**Work instructions**: The complete listing goes into the output exactly, without its pictures.

**Data below**:
--- START ---

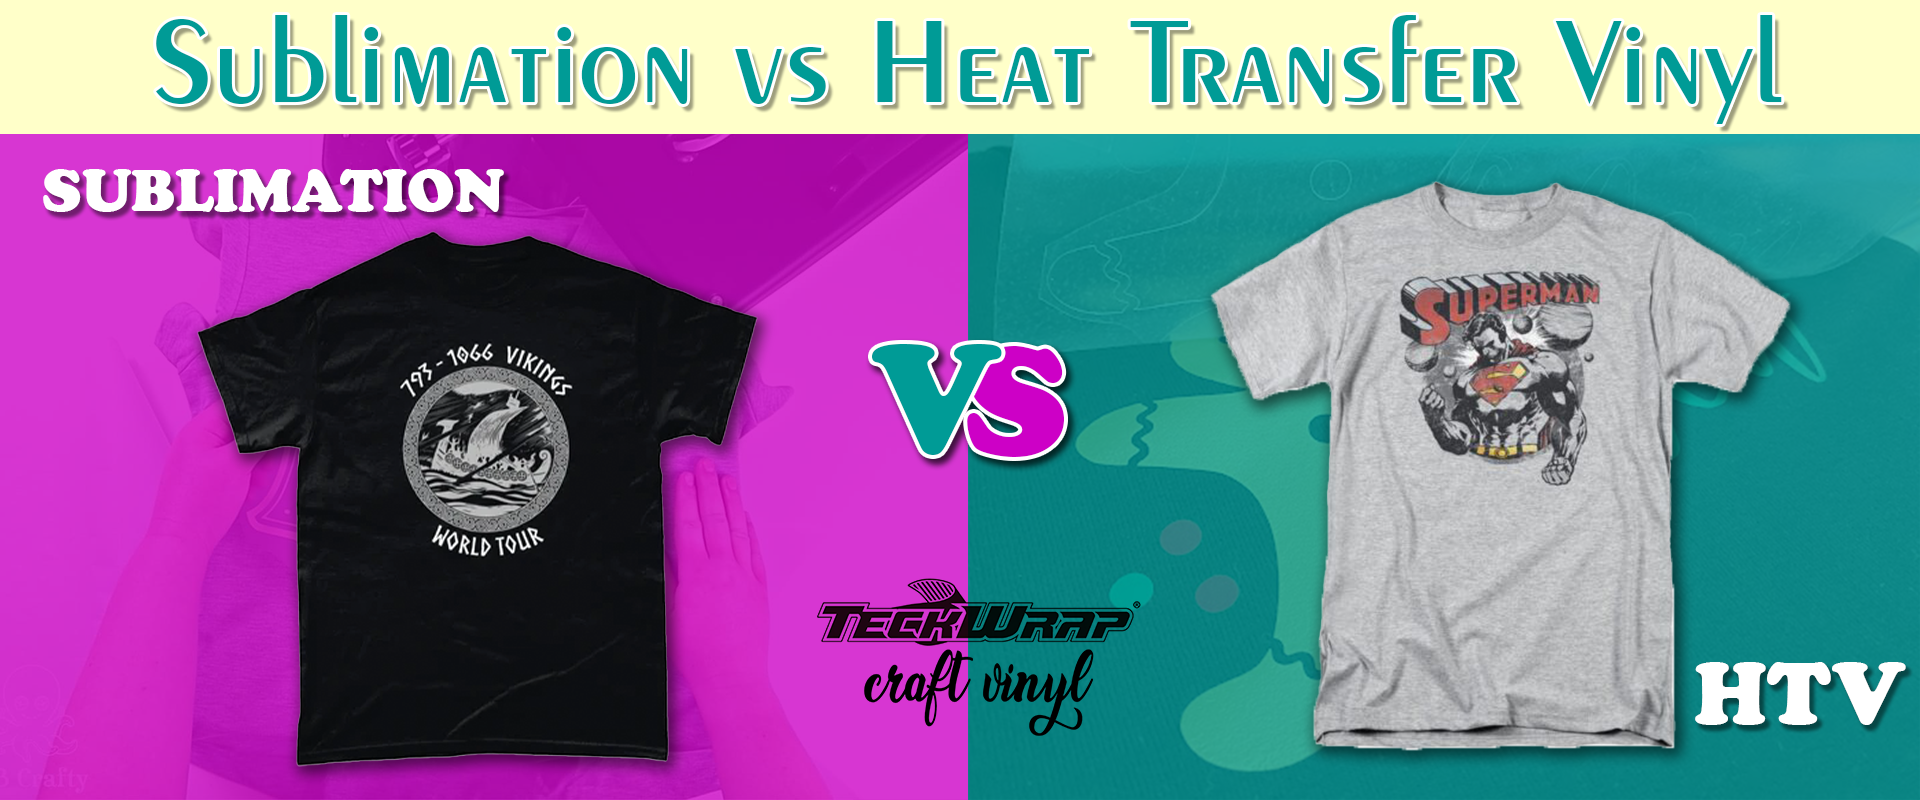 Heat Transfer Vinyl (HTV) vs Sublimation Printing
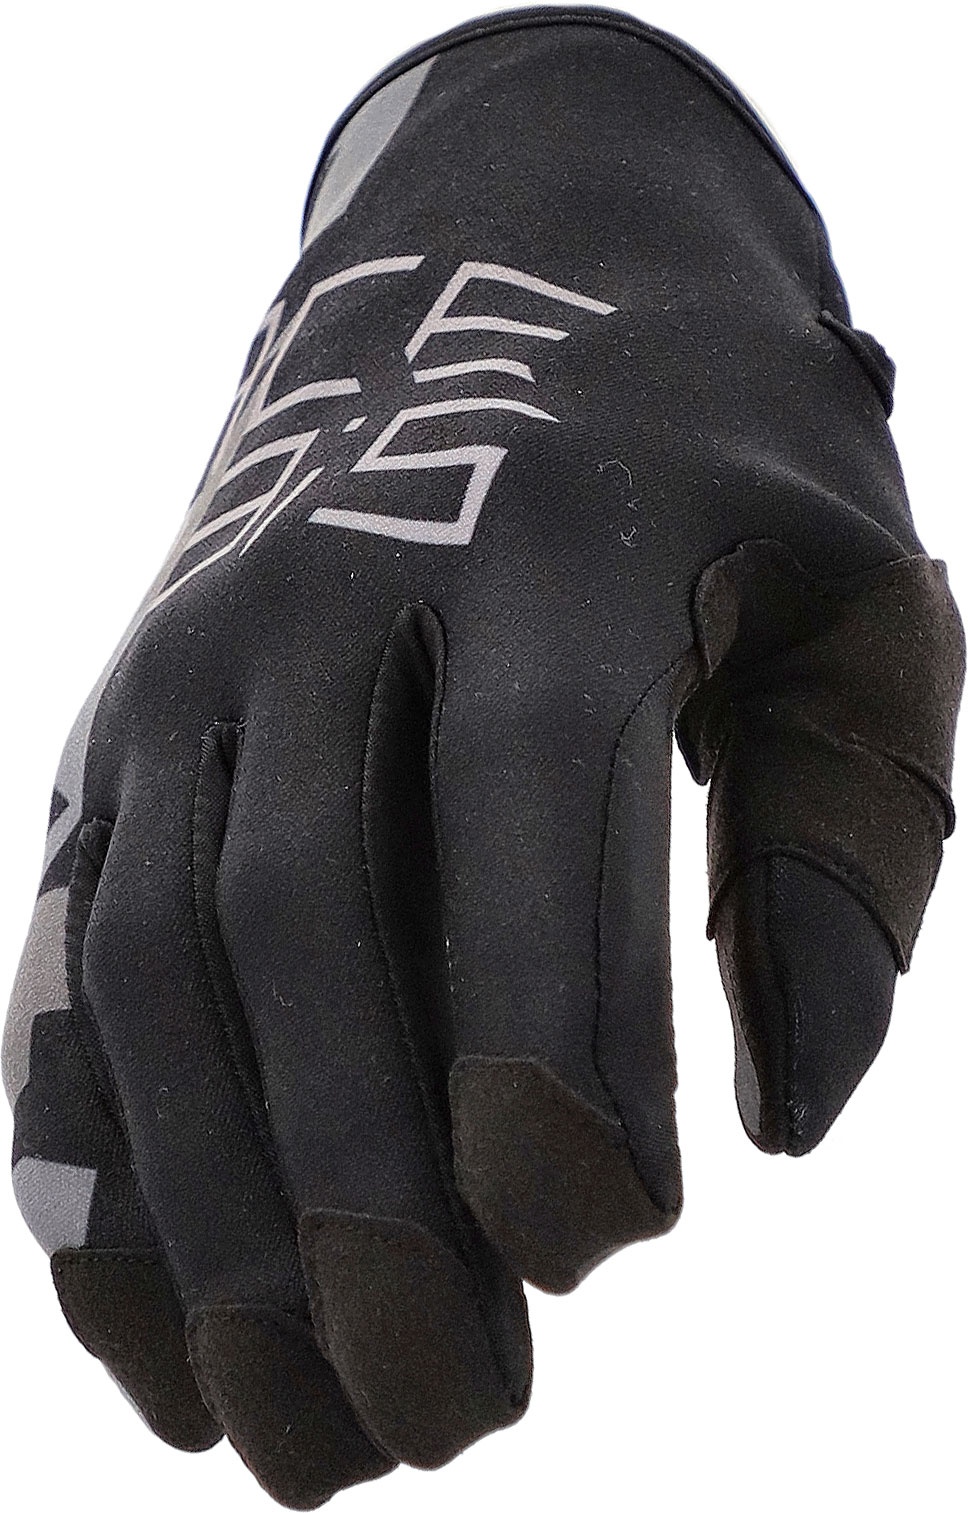 Acerbis Zero Degree 3.0, gants - Noir/Gris - XXL
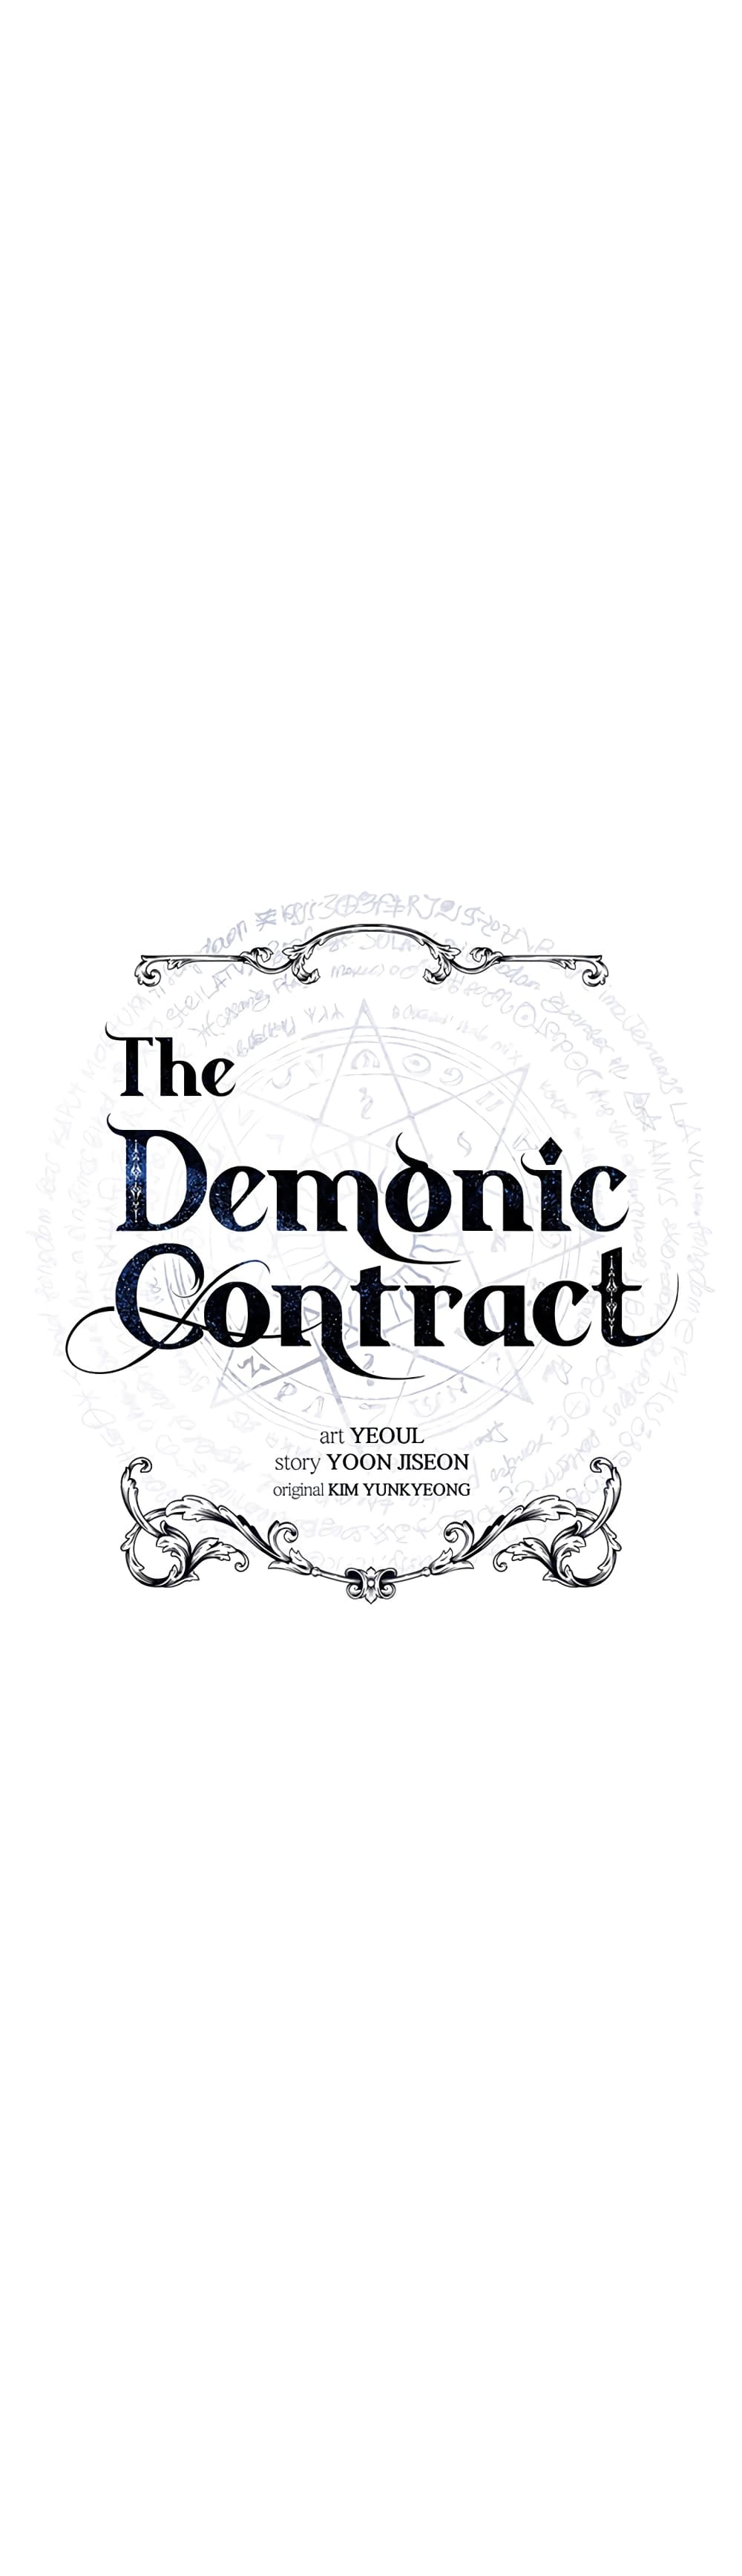 The Demonic Contract 41 (3)

--- END ---

**Response to this task**:
 Heat Transfer Vinyl (HTV) vs Sublimation Printing
 Acerbis Zero Degree 3.0, gants - Noir/Gris - XXL
 The Demonic Contract 41 (3)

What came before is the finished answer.